* [Data]:
%%

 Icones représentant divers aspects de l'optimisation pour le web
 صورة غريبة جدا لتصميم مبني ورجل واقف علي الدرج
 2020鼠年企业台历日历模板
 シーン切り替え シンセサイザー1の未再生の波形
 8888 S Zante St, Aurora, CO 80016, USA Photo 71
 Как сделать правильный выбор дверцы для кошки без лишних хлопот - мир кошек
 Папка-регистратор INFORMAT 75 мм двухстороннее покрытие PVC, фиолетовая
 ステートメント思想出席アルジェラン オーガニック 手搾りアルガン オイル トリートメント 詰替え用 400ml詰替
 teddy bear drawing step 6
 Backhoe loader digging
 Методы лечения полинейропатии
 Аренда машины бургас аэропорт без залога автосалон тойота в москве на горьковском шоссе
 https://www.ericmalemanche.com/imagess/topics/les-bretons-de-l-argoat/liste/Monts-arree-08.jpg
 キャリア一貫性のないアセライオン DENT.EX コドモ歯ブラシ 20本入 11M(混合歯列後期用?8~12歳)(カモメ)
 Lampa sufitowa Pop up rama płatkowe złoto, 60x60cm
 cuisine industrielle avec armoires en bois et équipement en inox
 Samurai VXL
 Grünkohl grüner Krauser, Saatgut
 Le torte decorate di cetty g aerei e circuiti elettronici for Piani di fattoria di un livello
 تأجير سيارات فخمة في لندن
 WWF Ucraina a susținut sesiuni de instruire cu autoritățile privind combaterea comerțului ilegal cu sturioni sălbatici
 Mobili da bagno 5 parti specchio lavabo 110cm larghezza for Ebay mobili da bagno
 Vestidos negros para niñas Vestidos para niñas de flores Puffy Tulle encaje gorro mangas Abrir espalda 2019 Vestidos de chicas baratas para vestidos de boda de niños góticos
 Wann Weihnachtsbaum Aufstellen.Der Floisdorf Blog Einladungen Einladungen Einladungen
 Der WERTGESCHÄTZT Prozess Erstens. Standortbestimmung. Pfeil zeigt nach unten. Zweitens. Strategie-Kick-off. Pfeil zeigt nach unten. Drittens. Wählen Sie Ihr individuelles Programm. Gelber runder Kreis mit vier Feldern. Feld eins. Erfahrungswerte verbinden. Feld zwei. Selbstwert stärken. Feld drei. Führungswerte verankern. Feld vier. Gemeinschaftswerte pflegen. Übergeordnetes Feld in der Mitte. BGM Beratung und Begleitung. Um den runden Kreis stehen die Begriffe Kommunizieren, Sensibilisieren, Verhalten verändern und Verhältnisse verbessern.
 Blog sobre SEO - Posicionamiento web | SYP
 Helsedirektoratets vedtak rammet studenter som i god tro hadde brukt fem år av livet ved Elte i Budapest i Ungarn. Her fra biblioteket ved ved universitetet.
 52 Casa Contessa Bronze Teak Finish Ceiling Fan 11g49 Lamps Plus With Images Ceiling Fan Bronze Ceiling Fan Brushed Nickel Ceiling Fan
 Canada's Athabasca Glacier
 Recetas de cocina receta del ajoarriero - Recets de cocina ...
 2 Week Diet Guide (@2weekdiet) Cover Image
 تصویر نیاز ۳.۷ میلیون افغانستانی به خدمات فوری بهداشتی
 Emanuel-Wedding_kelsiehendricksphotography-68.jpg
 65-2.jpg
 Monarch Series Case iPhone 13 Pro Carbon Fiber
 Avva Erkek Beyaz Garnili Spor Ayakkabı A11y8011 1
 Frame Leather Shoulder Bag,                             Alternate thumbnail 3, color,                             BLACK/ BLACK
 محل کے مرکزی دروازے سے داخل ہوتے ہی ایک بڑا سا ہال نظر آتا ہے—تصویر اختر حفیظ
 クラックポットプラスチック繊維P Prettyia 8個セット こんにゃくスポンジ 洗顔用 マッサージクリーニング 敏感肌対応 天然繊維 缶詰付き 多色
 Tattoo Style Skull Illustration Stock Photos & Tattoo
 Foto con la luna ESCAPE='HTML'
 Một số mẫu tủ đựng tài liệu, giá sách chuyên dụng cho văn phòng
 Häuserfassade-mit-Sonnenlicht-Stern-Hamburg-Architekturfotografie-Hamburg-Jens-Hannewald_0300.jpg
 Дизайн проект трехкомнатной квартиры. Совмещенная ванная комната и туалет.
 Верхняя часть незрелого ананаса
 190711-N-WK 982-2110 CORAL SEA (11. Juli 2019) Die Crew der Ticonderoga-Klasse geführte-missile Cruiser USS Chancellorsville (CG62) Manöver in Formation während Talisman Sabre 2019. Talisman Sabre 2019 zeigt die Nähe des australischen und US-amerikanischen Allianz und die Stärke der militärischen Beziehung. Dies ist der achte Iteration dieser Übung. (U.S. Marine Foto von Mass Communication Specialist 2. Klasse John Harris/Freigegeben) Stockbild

%%

* [What is being asked]:
Make an exact copy of the data above.

* [Response area]:
 Icones représentant divers aspects de l'optimisation pour le web
 صورة غريبة جدا لتصميم مبني ورجل واقف علي الدرج
 2020鼠年企业台历日历模板
 シーン切り替え シンセサイザー1の未再生の波形
 8888 S Zante St, Aurora, CO 80016, USA Photo 71
 Как сделать правильный выбор дверцы для кошки без лишних хлопот - мир кошек
 Папка-регистратор INFORMAT 75 мм двухстороннее покрытие PVC, фиолетовая
 ステートメント思想出席アルジェラン オーガニック 手搾りアルガン オイル トリートメント 詰替え用 400ml詰替
 teddy bear drawing step 6
 Backhoe loader digging
 Методы лечения полинейропатии
 Аренда машины бургас аэропорт без залога автосалон тойота в москве на горьковском шоссе
 https://www.ericmalemanche.com/imagess/topics/les-bretons-de-l-argoat/liste/Monts-arree-08.jpg
 キャリア一貫性のないアセライオン DENT.EX コドモ歯ブラシ 20本入 11M(混合歯列後期用?8~12歳)(カモメ)
 Lampa sufitowa Pop up rama płatkowe złoto, 60x60cm
 cuisine industrielle avec armoires en bois et équipement en inox
 Samurai VXL
 Grünkohl grüner Krauser, Saatgut
 Le torte decorate di cetty g aerei e circuiti elettronici for Piani di fattoria di un livello
 تأجير سيارات فخمة في لندن
 WWF Ucraina a susținut sesiuni de instruire cu autoritățile privind combaterea comerțului ilegal cu sturioni sălbatici
 Mobili da bagno 5 parti specchio lavabo 110cm larghezza for Ebay mobili da bagno
 Vestidos negros para niñas Vestidos para niñas de flores Puffy Tulle encaje gorro mangas Abrir espalda 2019 Vestidos de chicas baratas para vestidos de boda de niños góticos
 Wann Weihnachtsbaum Aufstellen.Der Floisdorf Blog Einladungen Einladungen Einladungen
 Der WERTGESCHÄTZT Prozess Erstens. Standortbestimmung. Pfeil zeigt nach unten. Zweitens. Strategie-Kick-off. Pfeil zeigt nach unten. Drittens. Wählen Sie Ihr individuelles Programm. Gelber runder Kreis mit vier Feldern. Feld eins. Erfahrungswerte verbinden. Feld zwei. Selbstwert stärken. Feld drei. Führungswerte verankern. Feld vier. Gemeinschaftswerte pflegen. Übergeordnetes Feld in der Mitte. BGM Beratung und Begleitung. Um den runden Kreis stehen die Begriffe Kommunizieren, Sensibilisieren, Verhalten verändern und Verhältnisse verbessern.
 Blog sobre SEO - Posicionamiento web | SYP
 Helsedirektoratets vedtak rammet studenter som i god tro hadde brukt fem år av livet ved Elte i Budapest i Ungarn. Her fra biblioteket ved ved universitetet.
 52 Casa Contessa Bronze Teak Finish Ceiling Fan 11g49 Lamps Plus With Images Ceiling Fan Bronze Ceiling Fan Brushed Nickel Ceiling Fan
 Canada's Athabasca Glacier
 Recetas de cocina receta del ajoarriero - Recets de cocina ...
 2 Week Diet Guide (@2weekdiet) Cover Image
 تصویر نیاز ۳.۷ میلیون افغانستانی به خدمات فوری بهداشتی
 Emanuel-Wedding_kelsiehendricksphotography-68.jpg
 65-2.jpg
 Monarch Series Case iPhone 13 Pro Carbon Fiber
 Avva Erkek Beyaz Garnili Spor Ayakkabı A11y8011 1
 Frame Leather Shoulder Bag,                             Alternate thumbnail 3, color,                             BLACK/ BLACK
 محل کے مرکزی دروازے سے داخل ہوتے ہی ایک بڑا سا ہال نظر آتا ہے—تصویر اختر حفیظ
 クラックポットプラスチック繊維P Prettyia 8個セット こんにゃくスポンジ 洗顔用 マッサージクリーニング 敏感肌対応 天然繊維 缶詰付き 多色
 Tattoo Style Skull Illustration Stock Photos & Tattoo
 Foto con la luna ESCAPE='HTML'
 Một số mẫu tủ đựng tài liệu, giá sách chuyên dụng cho văn phòng
 Häuserfassade-mit-Sonnenlicht-Stern-Hamburg-Architekturfotografie-Hamburg-Jens-Hannewald_0300.jpg
 Дизайн проект трехкомнатной квартиры. Совмещенная ванная комната и туалет.
 Верхняя часть незрелого ананаса
 190711-N-WK 982-2110 CORAL SEA (11. Juli 2019) Die Crew der Ticonderoga-Klasse geführte-missile Cruiser USS Chancellorsville (CG62) Manöver in Formation während Talisman Sabre 2019. Talisman Sabre 2019 zeigt die Nähe des australischen und US-amerikanischen Allianz und die Stärke der militärischen Beziehung. Dies ist der achte Iteration dieser Übung. (U.S. Marine Foto von Mass Communication Specialist 2. Klasse John Harris/Freigegeben) Stockbild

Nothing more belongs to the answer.